In a nation that supposedly re-elected Bush on "moral values," there have been no prayers from the White House for "all the people whose fate is still unknown" in Iraq. This was a bipartisan hypocrisy. Even House Minority Leader Nancy Pelosi (D-Calif.) fell into the trap of favoritism, fueling the appearance that this war was a religious crusade.

At the beginning of the war she said, "We pray for the swift and successful disarmament of Iraq with the least possible loss of life among our forces and the civilians of Iraq." But then she closed her message with: "May God bless our courageous forces and their brave families. May God bless the president of the United States. And may God bless America."

Not once did Pelosi or any American politician say in the last two years, "God bless Iraqi civilians" or any variant. Only one time has Bush uttered "God bless the people of Iraq," and that was in announcing Saddam Hussein's capture. Not once has he asked God's blessing for the courageous civilians and the families of Iraq who had no choice but to brave our bombs.

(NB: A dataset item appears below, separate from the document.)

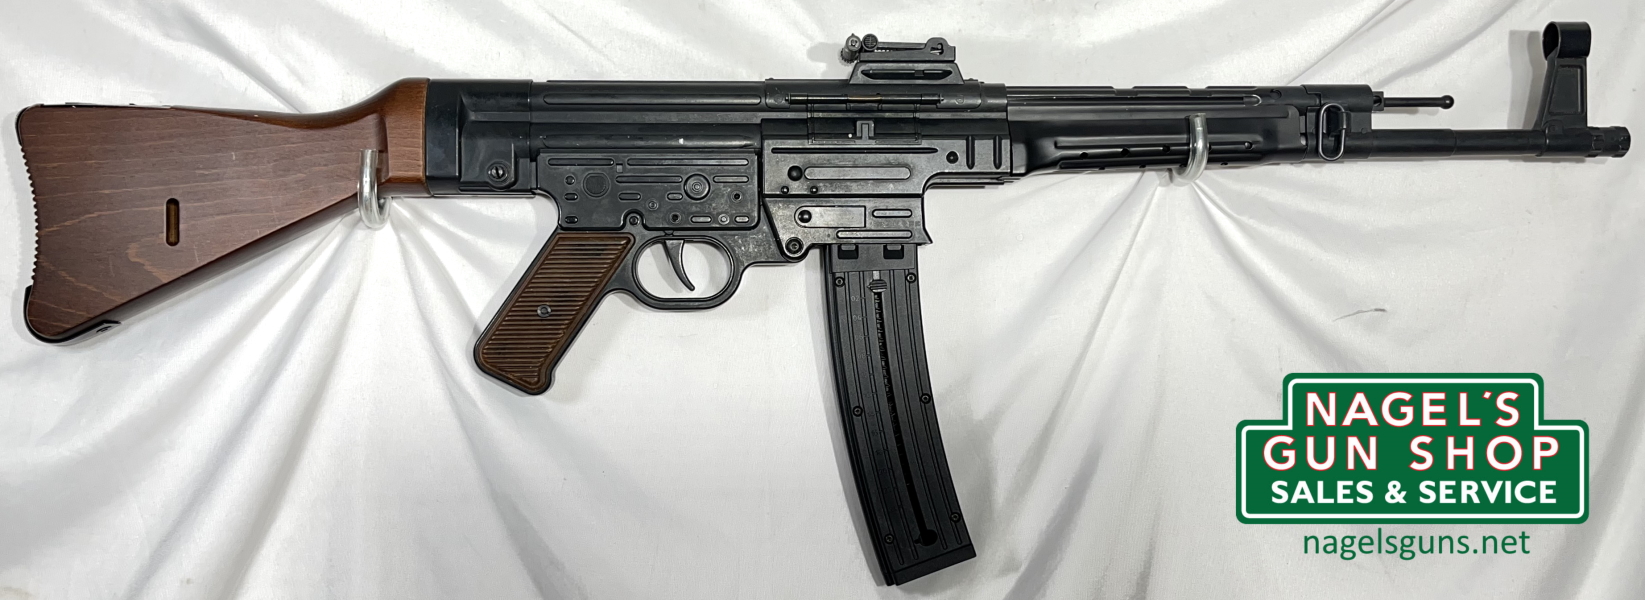 American Tactical GSG STG-44 22LR Rifle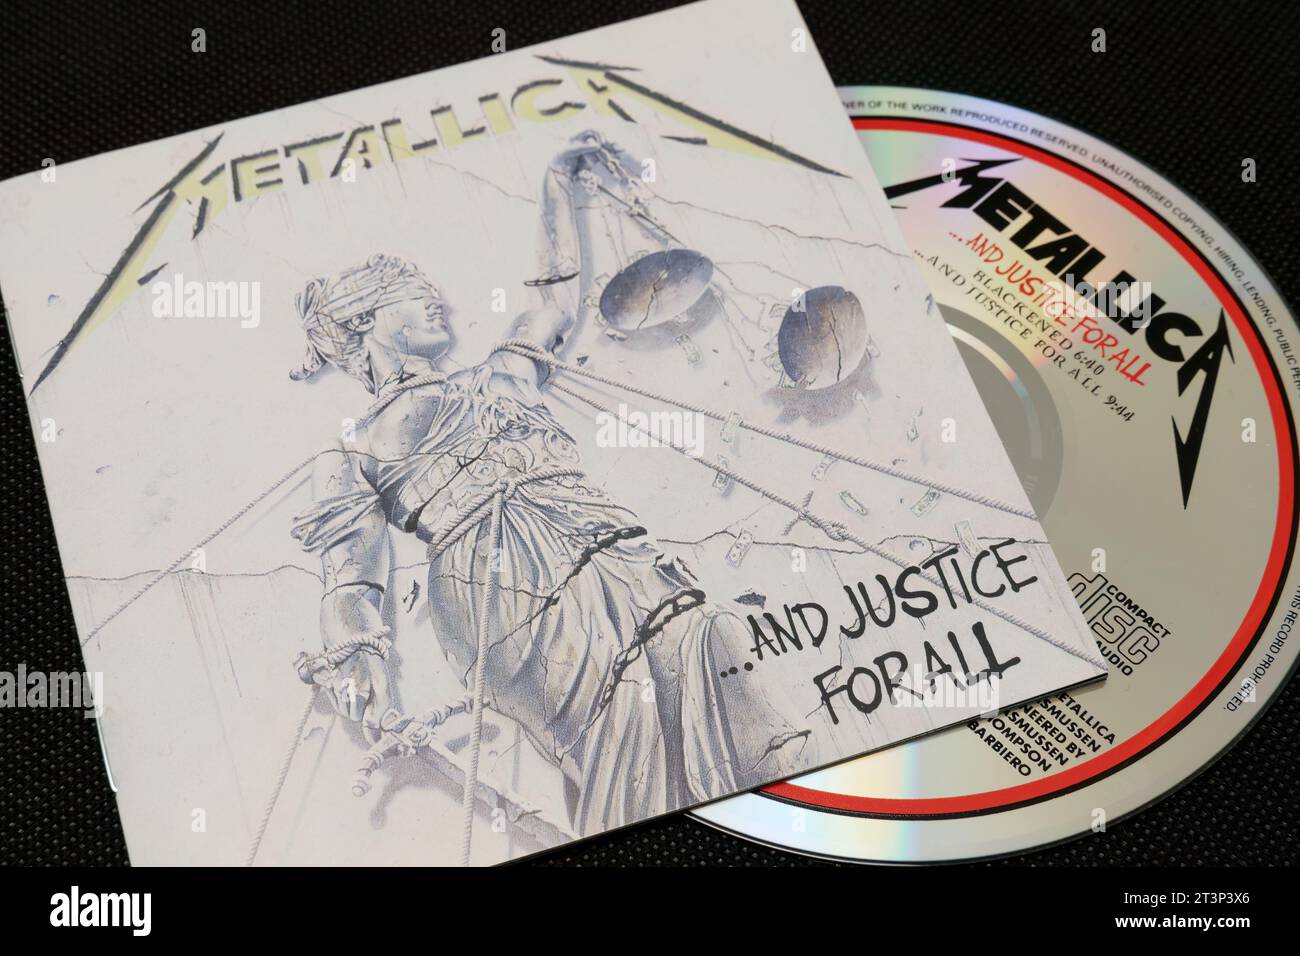 Metallica album hi-res stock photography and images - Alamy

Let us do what we can for the victims of the tsunami. But no matter what donations we spare, the offerings will not spare us from history's judgment, if not God's. Lugar said his heart goes out to the victims of the tsunami. No hearts have gone out to Iraqi civilians in this heartless cover-up.

Powell said of the tsunami, "The power of the wave to destroy bridges, to destroy factories, to destroy homes, to destroy crops, to destroy everything in its path is amazing." He said, "I have never seen anything like it in my experience." Yes, he has. It was in Iraq. The tsunami was us.